Compliance

Embedding compliance into practice life

Zoe Close Practice Management Leave a Comment

“I do compliance on a Friday.” Sound familiar? This is something I have heard time and again while visiting practices during my years in the profession. And, while it’s great that compliance is being done, for it to be done to the standard required and the entire team to have the level of knowledge expected by the CQC, it needs to be part of the everyday practice routine.

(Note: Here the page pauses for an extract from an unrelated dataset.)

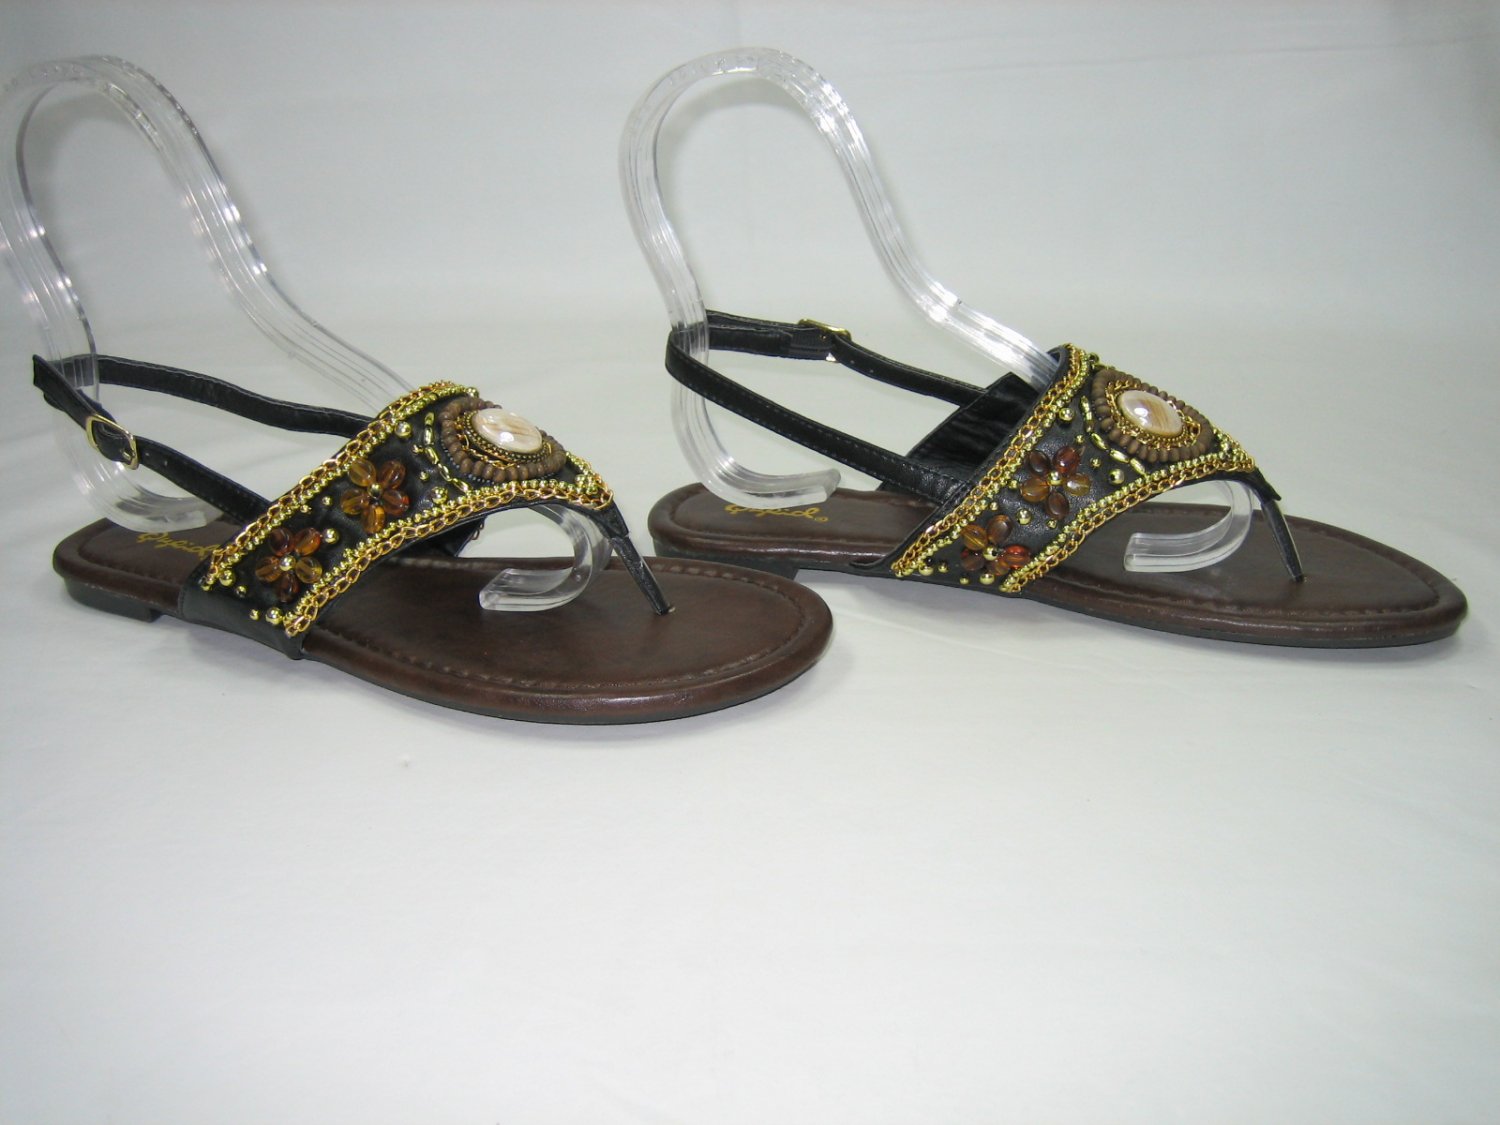 Bejeweled decorated sandals flats thongs slingbacks black size 6.5

But how do you begin ensuring your team understands what is required of each of them and embedding compliance into their normal routine? Below is my advice on how you can do just that and make achieving CQC standards a less burdensome task:

Share knowledge in staff meetings

As a team leader it’s part of your role to know what compliance means for each team member and to police that individuals understand their role and are fulfilling it as a matter of course. If they don’t they are unlikely to see it as just ‘part of the job’.

Monthly staff meetings offer the perfect opportunity to discuss and check that policies and procedures are understood. You can also share your knowledge, perhaps by taking one or two requirements and breaking them down into chunks to work through during the meeting.

Have regular mock inspections

Practice makes perfect, so what better way to prepare for a CQC inspection than practising what actually happens. These could form part of a staff meeting or be done on a more ad-hoc basis, and can consist of asking staff the types of questions they might get during an inspection. For example, ask someone to fetch the defibrillator, or the contact details for who to report a safeguarding issue to.

The CQC expects your team to know the answers to questions like this without hesitation, and the easiest way to help them retain this knowledge is by practising.

Observe your team

As well as inspections, carrying out observations of your team is a useful way of ensuring they are carrying out policy requirements, for example in the decontamination room.

This will allow you to confirm that your staff understand and follow the policy, and will also highlight any improvements needed or training requirements within your team.

Write your policy down

Some of your compliance tasks do come down to just one or two people, for example the recruitment process and induction. However, you need to make the process and requirements as transparent and consistent as possible so that in your absence they are easy to adhere to, and again become habitual.

The CQC expect to see a handbook which states the policy and processes in place. So, whilst you may be complying with requirements already and can demonstrate that in action, it must be written down as well.

Use a compliance tool

There is support out there and you could choose to use a compliance tool which can help you to keep track of compliance requirements needed within your practice.

Some of these software applications also enable you to delegate tasks, ensuring compliance remains a team activity. By using a tool, you can make it easier for your staff to carry out their tasks and evidence that they are doing so.

In summary, the key to making sure your staff are involved with compliance as part of their everyday routine is ensuring they fully understand the part they, and their colleagues, play. And the easiest way to do that is to share your knowledge, break it down into bite-size pieces, deliver training – and repeat, and then of course, police that it’s happening.